Blog: The Parallel Void

www.quickthreadprogramming.com
robert.jay.gould's picture
Quoting - AJ

I have spent the past semester researching how to combine data parallelism with TBB, so that TBB can offset data tasks to a GPU when available. My work is nearly complete, and now I need to ask the TBB community for some help. My approach is to separate data parallelism from task parallism, which involves the creation of a new type of task: the data task. For the purposes of my work, a data task represents an operation which can utilize data parallelism. For example, multiplying a large vector by a scalar, or a matrix by a scalar.

There are two work pools in my design. There is the task pool which remains completely controlled by TBB. I also have added a single shared data task pool, from which the GPU will consume data tasks. If a CPU has no work to be done, that is normal TBB tasks to consume, it will steal data tasks from the data task pool. Ordinary TBB tasks can only be executed on the CPU, whereas data tasks may be executed on either the GPU or CPU. A data task is very simple, it only provides an virtual execute() function for now.

I would like to integrate data task with the TBB task scheduler in a simple way. Data tasks can be run from within TBB tasks. I would like to allocate a task that spawns that data tasks, putting them into the data task pool. Rather than blocking until the data task is complete, I would like for the worker thead (which ran the tbb::task that spawned data tasks) to continue to process other TBB tasks as normal, and steal tasks as required. When all data tasks are complete, the allocated parent task is ready to be re-executed.

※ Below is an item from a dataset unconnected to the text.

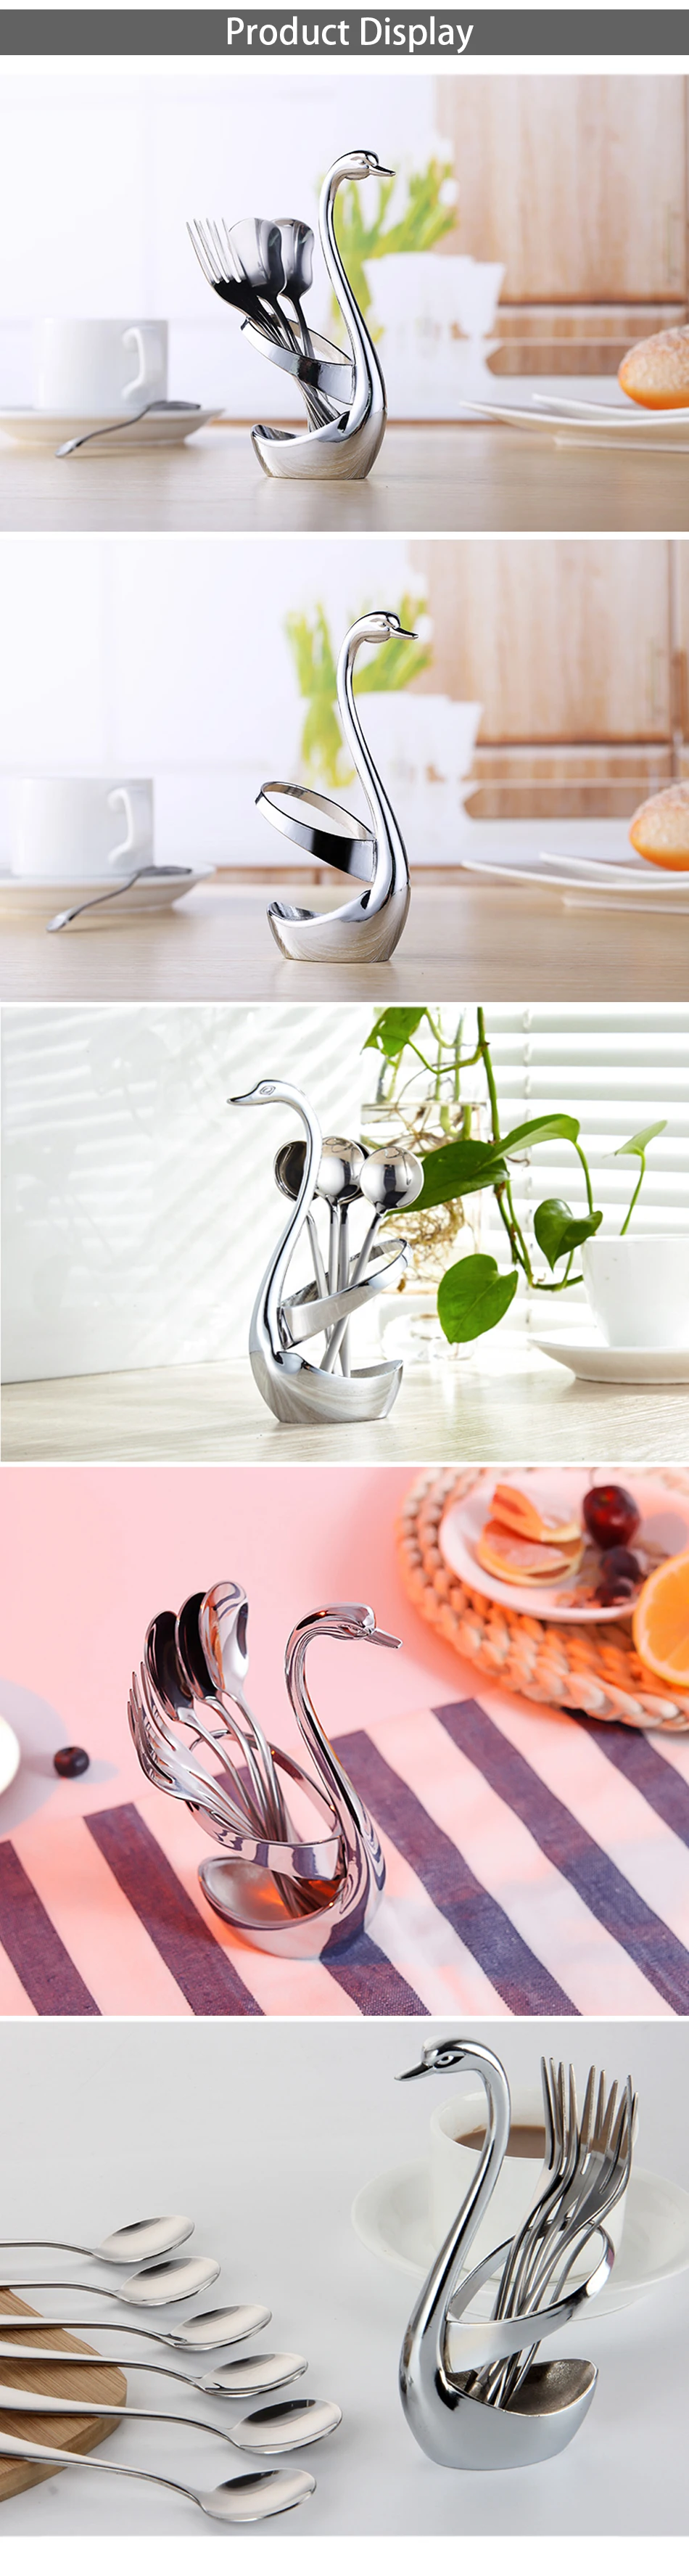 TTLIFE креативные переносные фрукты/Десертные столовые приборы из нержавеющей стали, набор тортов/комплект кофейных ложек набор столовой посуды для кухни

So if there wasn't a mixture of data tasks and tbb::tasks, I would allocate a parent, spawn children, and wait for all to complete. This problem is slightly more complex, because some of these children are of a different type, and are placed into a data task pool instead of the task pool used by TBB. If a program utilizes a large amount of data parallelism which the GPU can help with, TBB worker threads should steal data tasks for themselves too.

Thanks for your input, and as always I'm on #tbb on irc.freenode.net for a chat.

AJ

How about having a tbb::task that has the "task" to get a steal a data-task and process it. This was you keep the actual tasks pools separate, so data-task pool implementation can be kept simple. Then what I'd do is have place this steal-task at the top of the tbb::task pool, so when all normal tasks run out this steal task get run. And for the sake of if I'd make this steal-task respawn itself (recycling as per the manual) so its always on the stack.

Sorry if my diagram below is confusing, but something like this:

tbb::tasks: (steal) <- child <-child <-child [CPU]

V

data tasks: task, task, task, task, task [GPU/CPU]

AJ's picture

I will likely change the internal's of TBB's scheduler for the actual theft of data tasks. So a worker thread will try to steal tasks from other threads, and if that doesn't work I'll hit the data task pool. My problem is more so that I want to allocate a task that represents the data parallelism, and once that task has been allocated the worker thread should enter into a work-stealing mode to try to steal TBB tasks from other threads. Otherwise it hits the data task pool for data tasks. That's what I'm thinking.

I kinda want to have a way of forcing a worker-thread to go into task-stealing-mode, and then back to normal once the parent of the data task is finished. Maybe I should just add something like that to the scheduler interface, at which point I'd need help with where to put the logic in the code :-)

robert.jay.gould's picture
Quoting - AJ

I will likely change the internal's of TBB's scheduler for the actual theft of data tasks. So a worker thread will try to steal tasks from other threads, and if that doesn't work I'll hit the data task pool. My problem is more so that I want to allocate a task that represents the data parallelism, and once that task has been allocated the worker thread should enter into a work-stealing mode to try to steal TBB tasks from other threads. Otherwise it hits the data task pool for data tasks. That's what I'm thinking.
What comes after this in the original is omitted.